Application of the "manifest necessity" standard would appear to bar even an inventory search such as the one approved in Cady v. Dombrowski, 413 U.S. 433, 441, 37 L. Ed. 2d 706, 93 S. Ct. 2523 (1973), since the officers there only had reasonable grounds to believe that there was a revolver in the locked trunk of the vehicle. In discussing the Dombrowski case, the court in Opperman stated:
The sole justification for the warrantless incursion was that it was incident to the caretaking function of the local police to protect the community's safety.
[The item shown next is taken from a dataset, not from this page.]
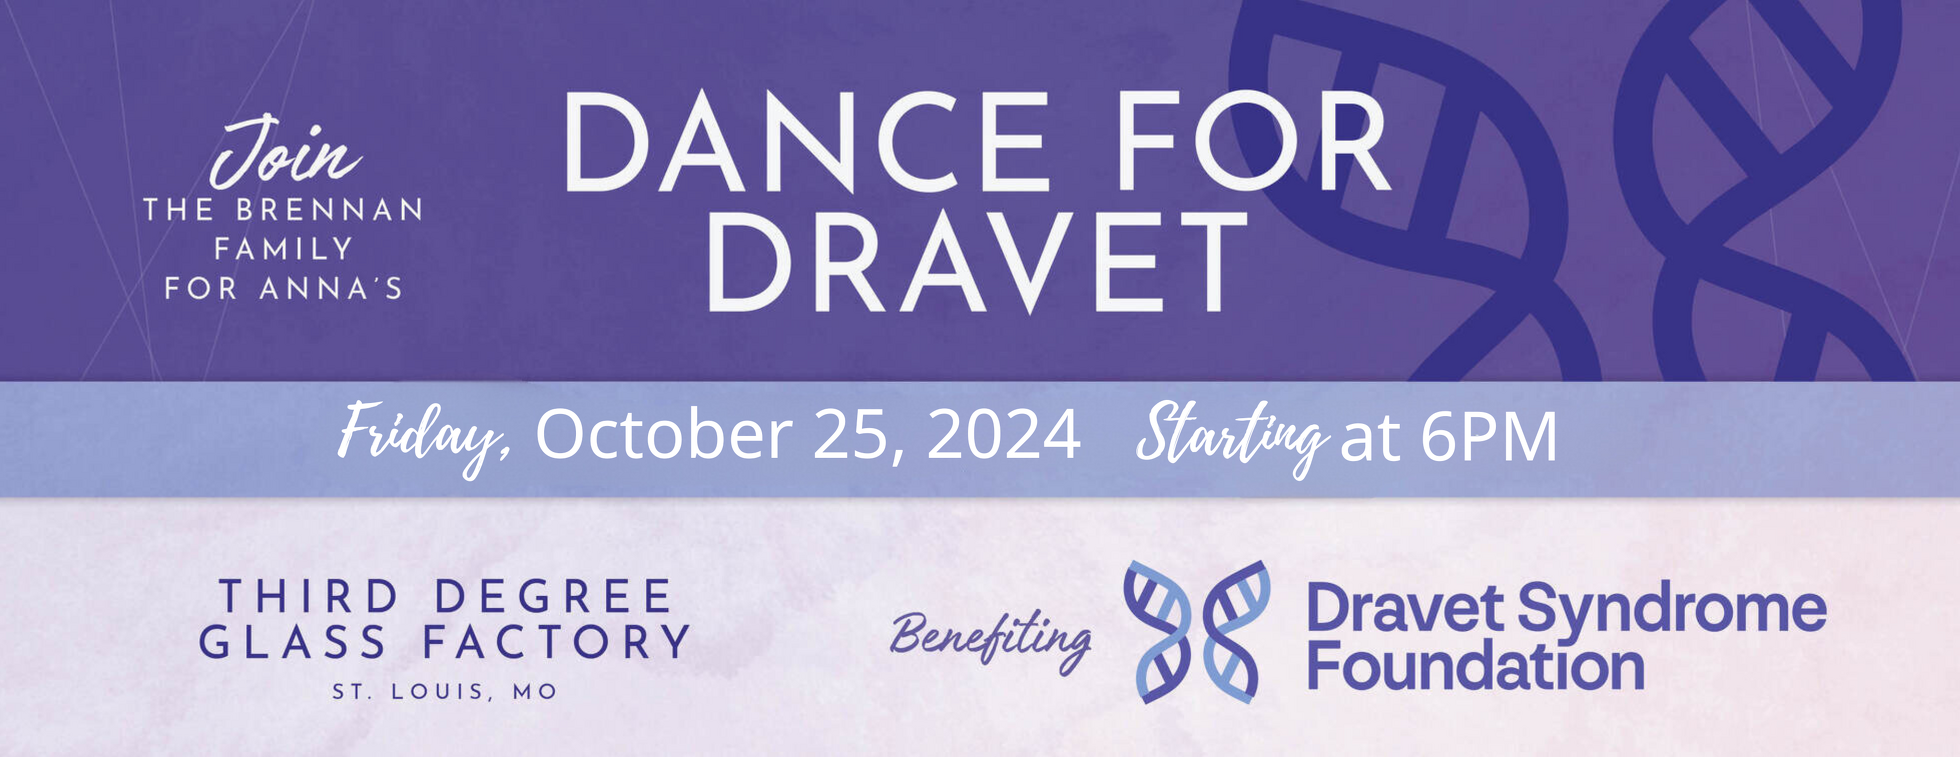 Dance for Dravet

Indeed, the protective search was instituted solely because local police "were under the impression" that the incapacitated driver, a Chicago police officer, was required to carry his service revolver at all times; the police had reasonable grounds to believe a weapon might be in the car, and thus available to vandals. The Court carefully noted that the protective search was carried out in accordance with standard procedures in the local police department, a factor tending to ensure that the intrusion would be limited in scope to the extent necessary to carry out the caretaking function.
(Citations omitted. First italics mine.) South Dakota v. Opperman, supra at 374.
It should be noted trial was held on May 13, 1977. On that date Arkansas v. Sanders, 442 U.S. 753, 61 L. Ed. 2d 235, 99 S. Ct. 2586 (1979); United States v. Chadwick, 433 U.S. 1, 53 L. Ed. 2d 538, 97 S. Ct. 2476 (decided June 21, 1977) and United States v. Bloomfield, 594 F.2d 1200 (8th Cir. 1979), cited by the majority, had not yet been decided.